AIM OF THE EXERCISE:
Leave out the images and return all the data word for word.

SUPPLIED MATERIAL:

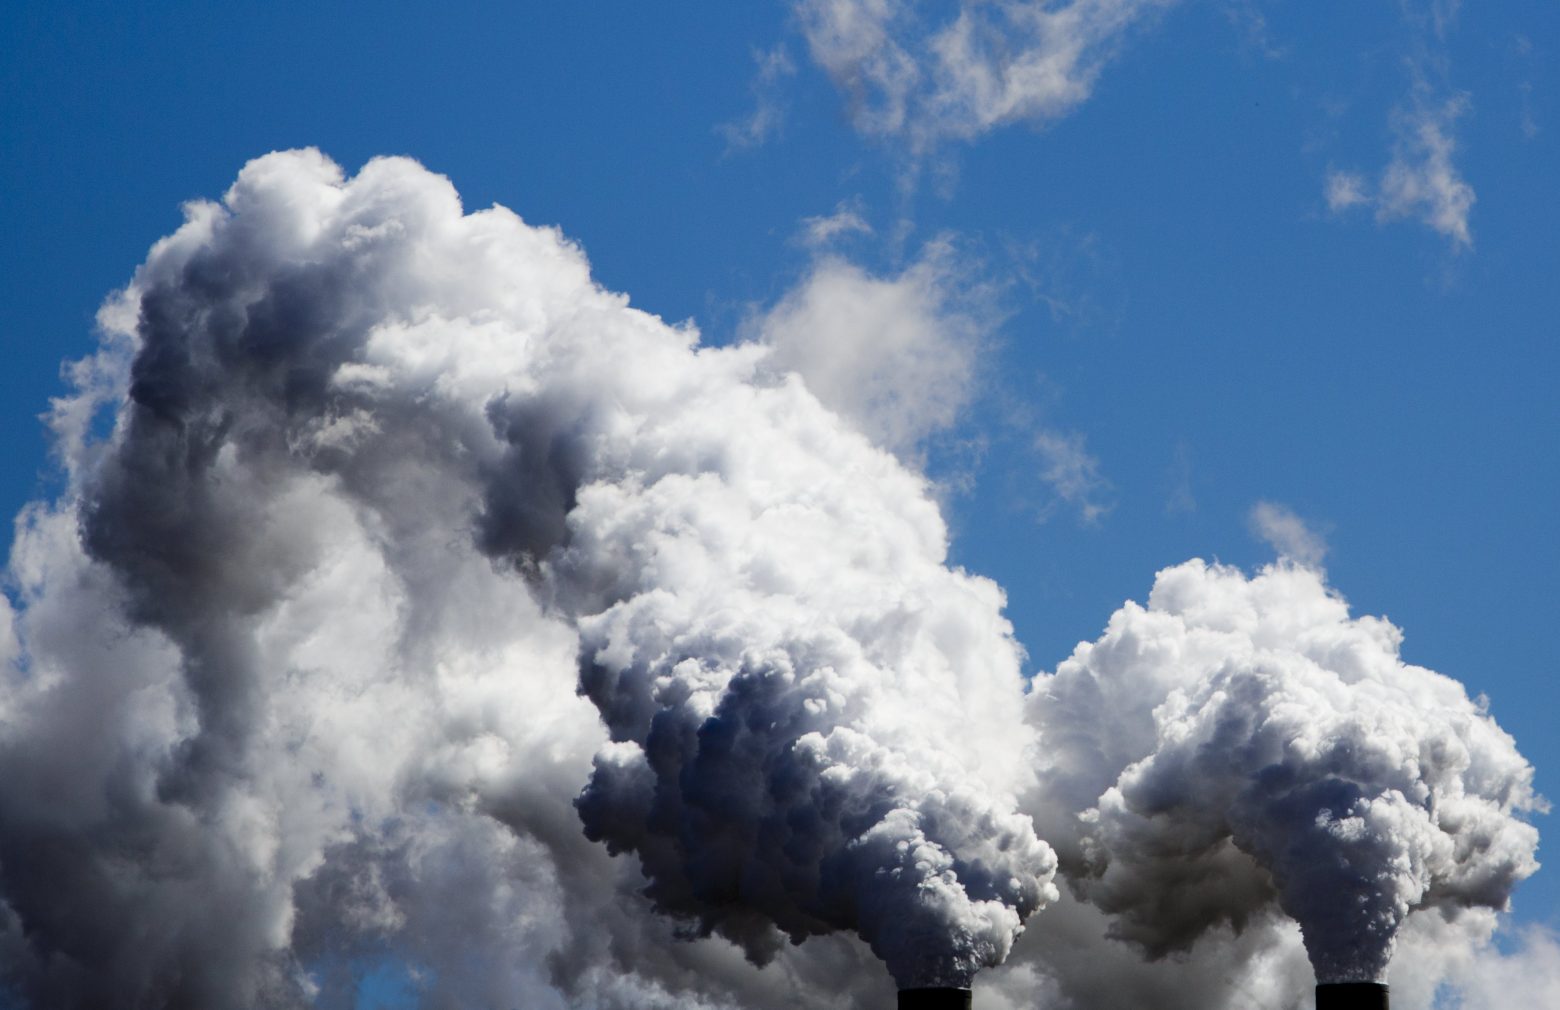 Κλιματικός νόμος: Για «δειλή αρχή» κάνουν λόγο οι περιβαλλοντικές οργανώσεις
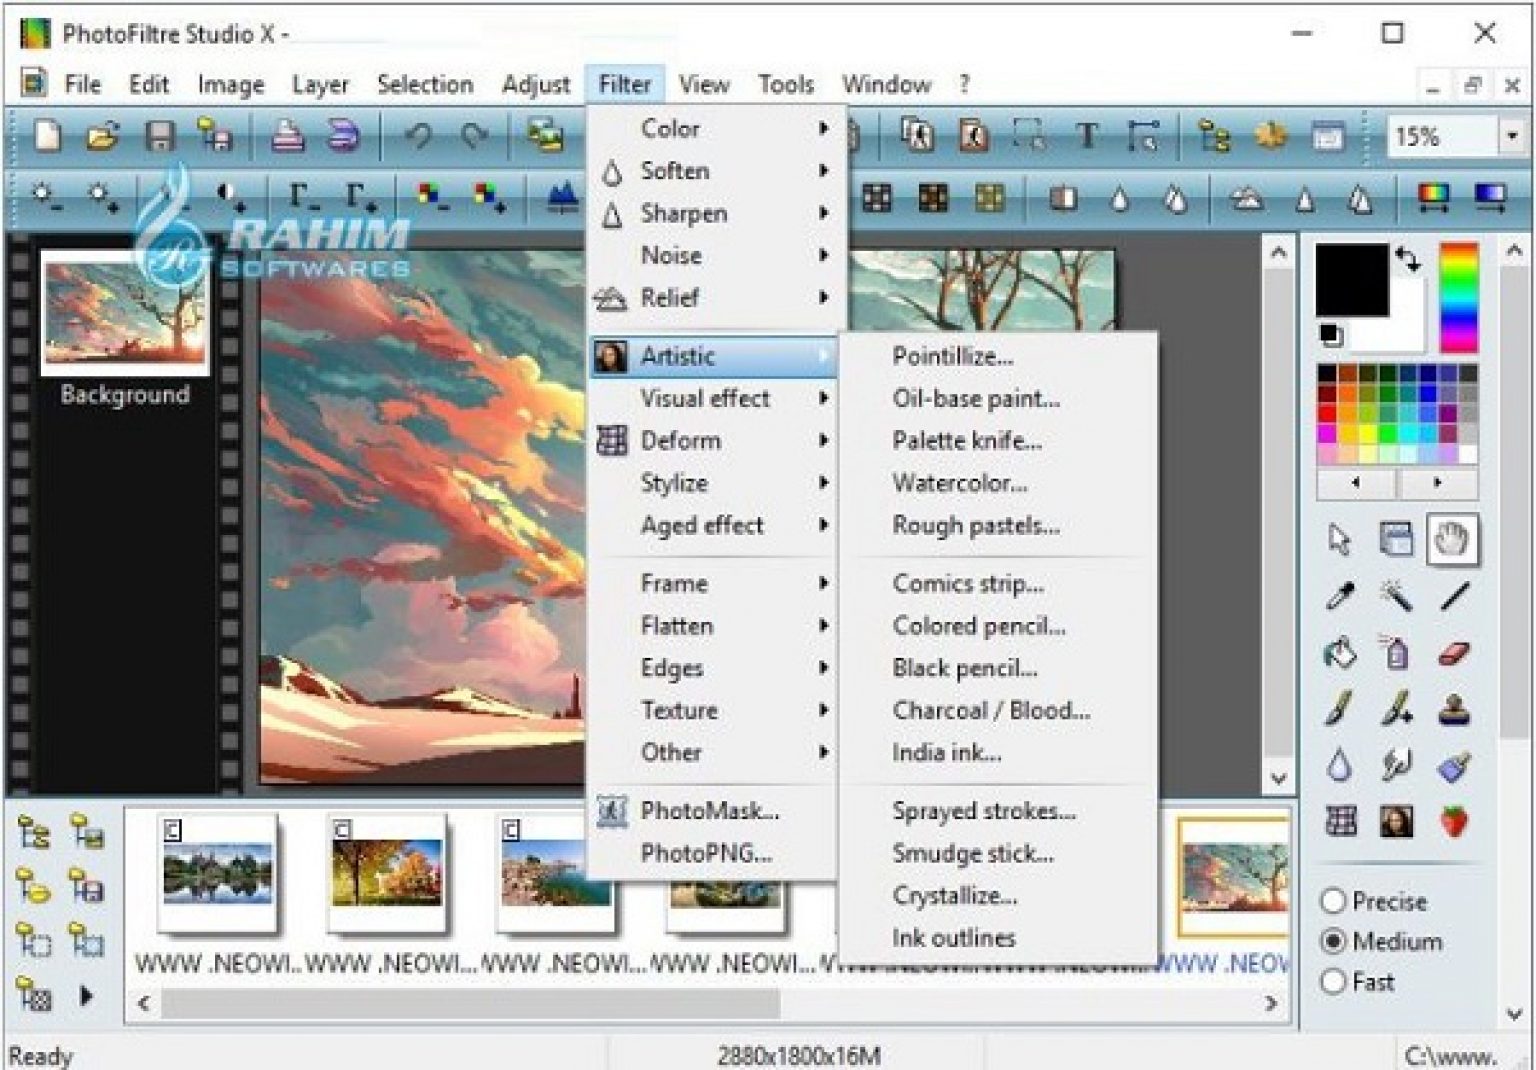 PhotoFiltre Studio 11.5.0 download the new version
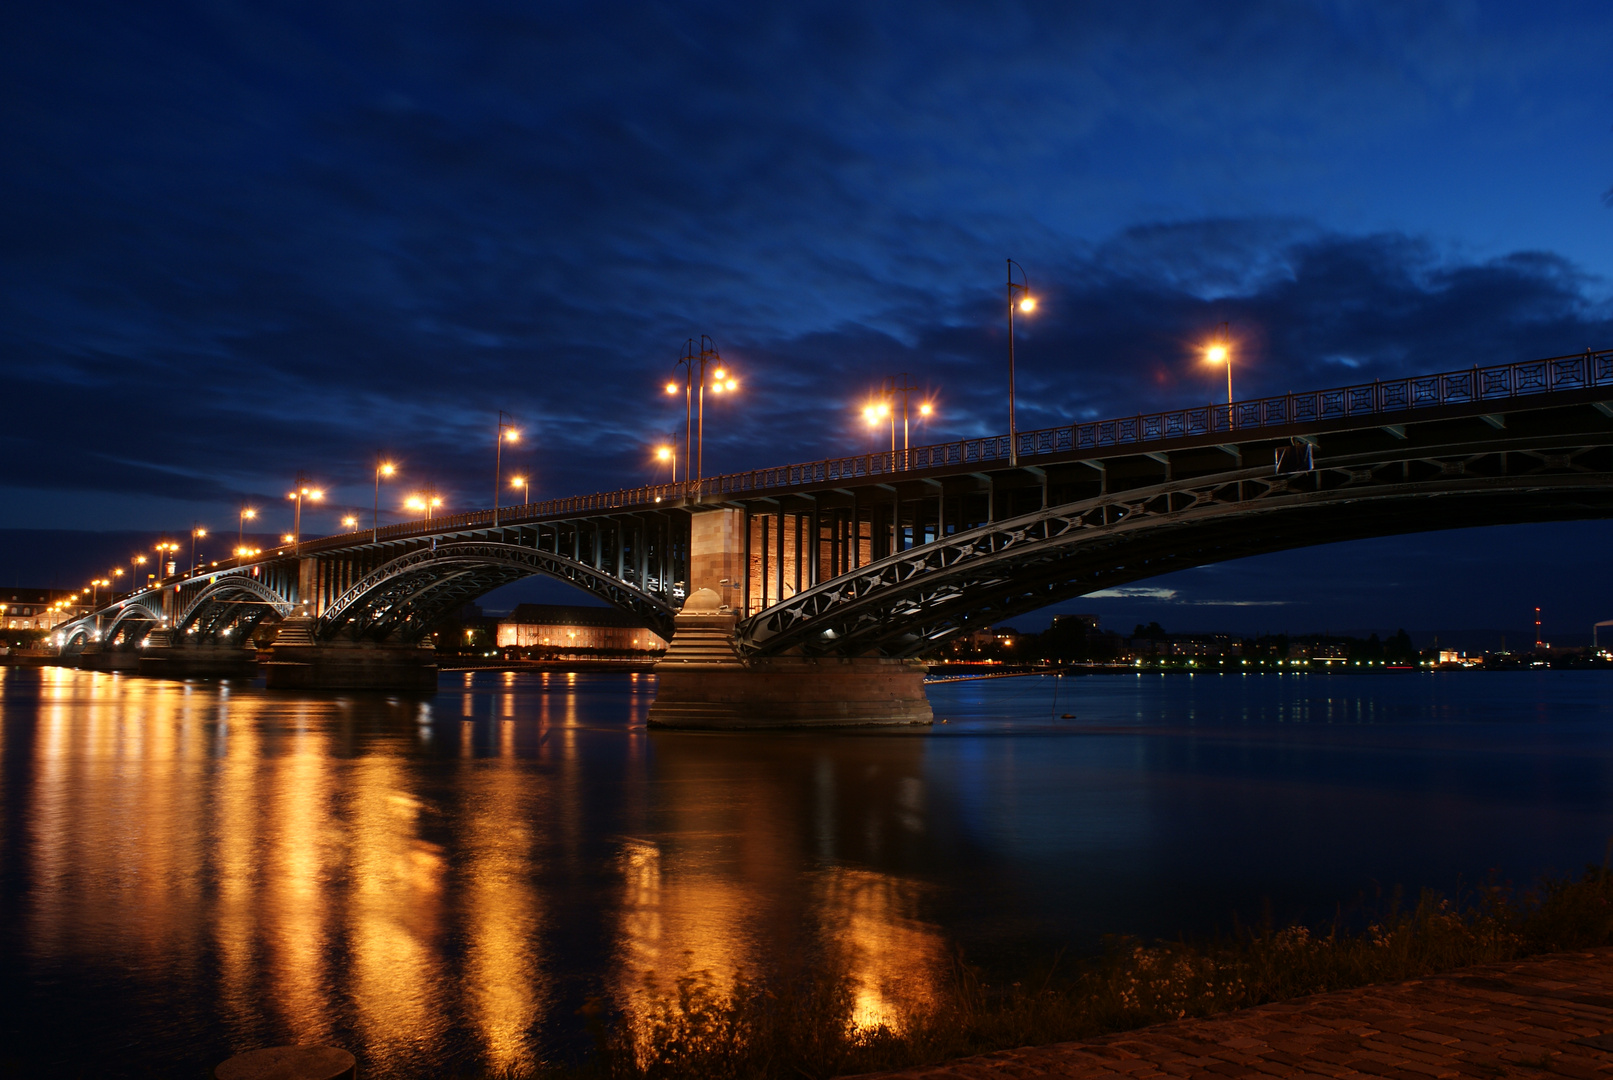 Throdor-Heuss-Brücke @ Night

ANSWER AREA:
 Κλιματικός νόμος: Για «δειλή αρχή» κάνουν λόγο οι περιβαλλοντικές οργανώσεις
 PhotoFiltre Studio 11.5.0 download the new version
 Throdor-Heuss-Brücke @ Night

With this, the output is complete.